En faisant ses comptes, si La Caze Lespwar touche directement 500 personnes, ce sont en fait indirectement 1 500 personnes vivant à Arsenal, Solitude, Triolet, Plaine-des-Papayes et Pointe-aux-Piments, qui bénéficient des facilités offertes.

Mais il y a des nuages qui ont commencé à se profiler à l’horizon. Les principaux bailleurs de fonds de La Caze Lespwar lui ont fait savoir qu’en raison de l’impact de la crise du Covid-19, ils ne savaient pas dans quelle mesure ils pourraient reconduire leurs aides financières. «C’est inquiétant», avoue Christiane Pasnin.

Mais comme cette femme n’est jamais à court d’idées, elle et un bénévole, qui a rejoint La Caze Lespwar en juin, ont conçu un projet d’extension du jardin thérapeutique bio sur un arpent supplémentaire derrière leurs conteneurs-bureaux afin de diversifier les légumes plantés et faire de l’élevage de poulets et de cabris et ainsi prendre le chemin de l’autosuffisance alimentaire. Ce projet au coût de Rs 863 500 a été mis sur crowdfund.mu et, à ce jour, La Caze Lespwar a recueilli quelque Rs 205 000.

«Depuis le 1er septembre, ça stagne et nous avons vraiment besoin d’un coup de boost pour que les cinq femmes identifiées puissent agrandir ce jardin thérapeutique bio et diversifier les légumes plantés pour rendre l’activité durable et se lancer dans un deuxième temps dans la culture fruitière via l’aménagement d’un verger.
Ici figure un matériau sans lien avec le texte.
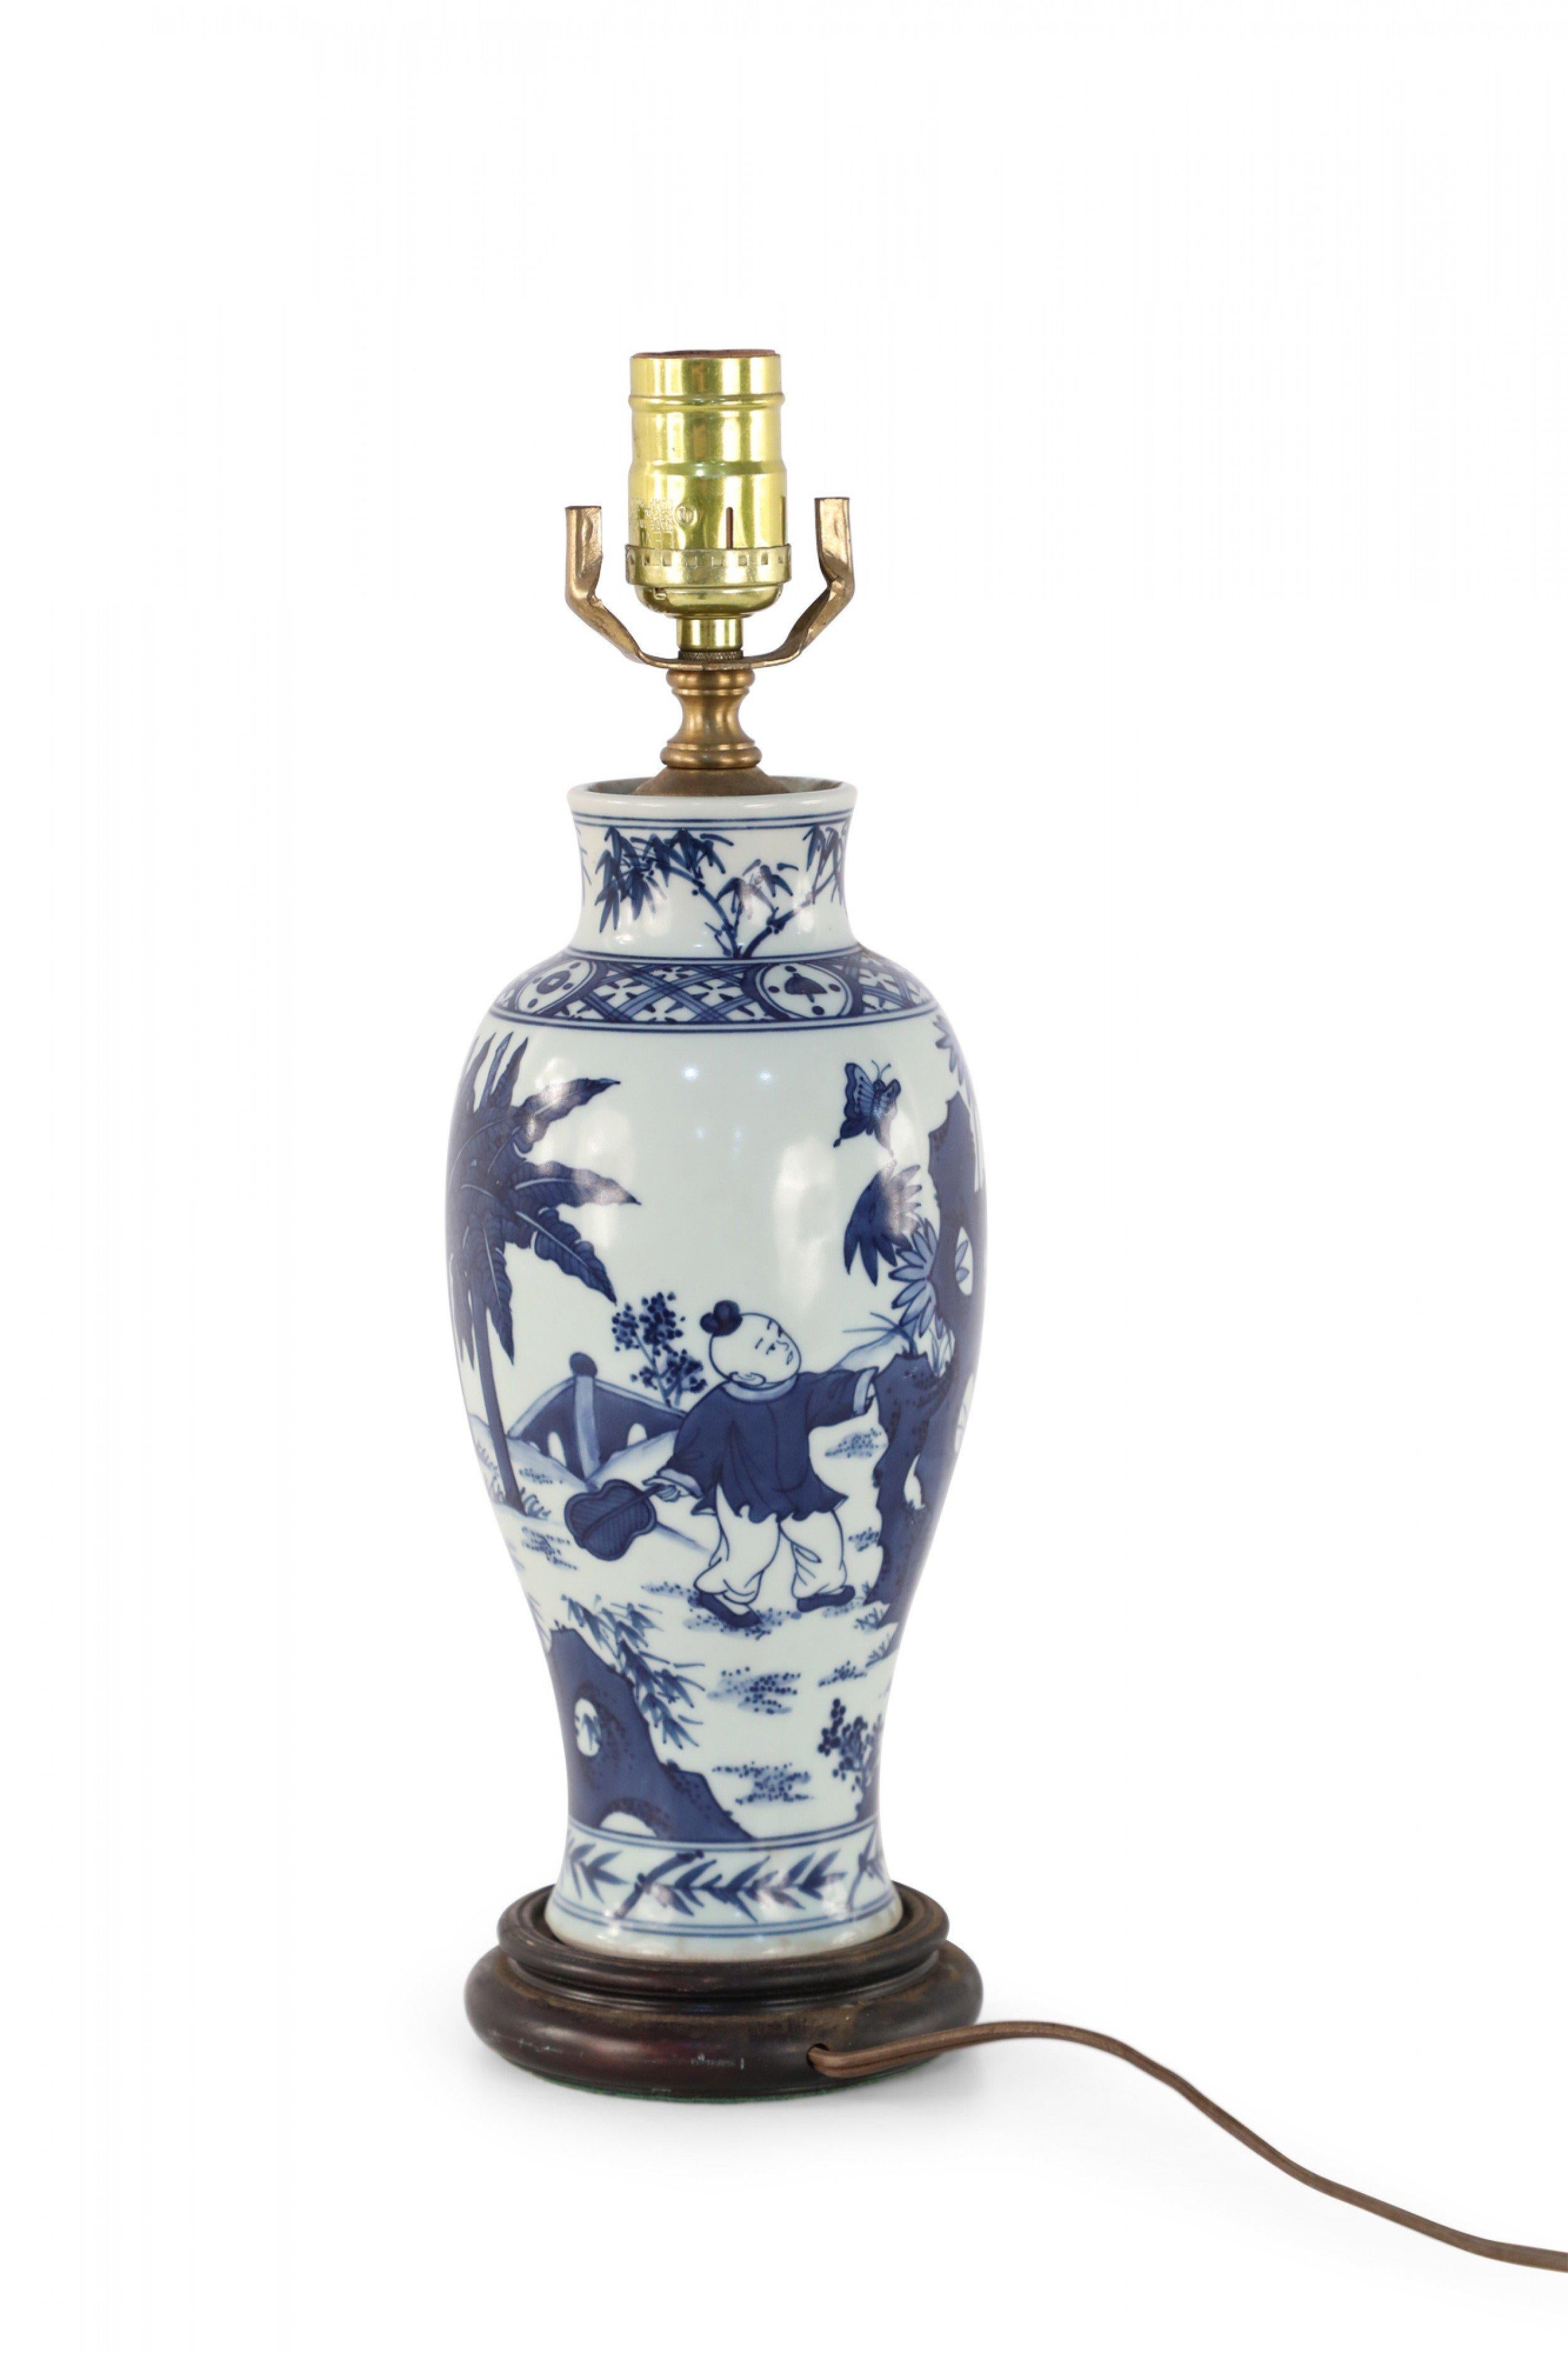 Lampe de table ancienne chinoise (début du 20e siècle) fabriquée à partir d'un vase en porcelaine blanc et bleu en forme de balustre représentant une mère et des enfants jouant à l'extérieur, montée sur une base en bois avec des ferrures en

Nous sommes en négociation pour obtenir cet arpent supplémentaire qu’il faudra clôturer. Et ce sera encore un autre parrain à trouver. Nous espérons obtenir la totalité des fonds d’ici la fin septembre.»

Ce projet rejaillira sur la communauté car une fois ces femmes formées, celles-ci iront à leur tour former 20 personnes leaders, qui iront répandre des techniques de home-gardening à d’autres personnes dans la communauté. Qu’attendez-vous : à vos portefeuilles!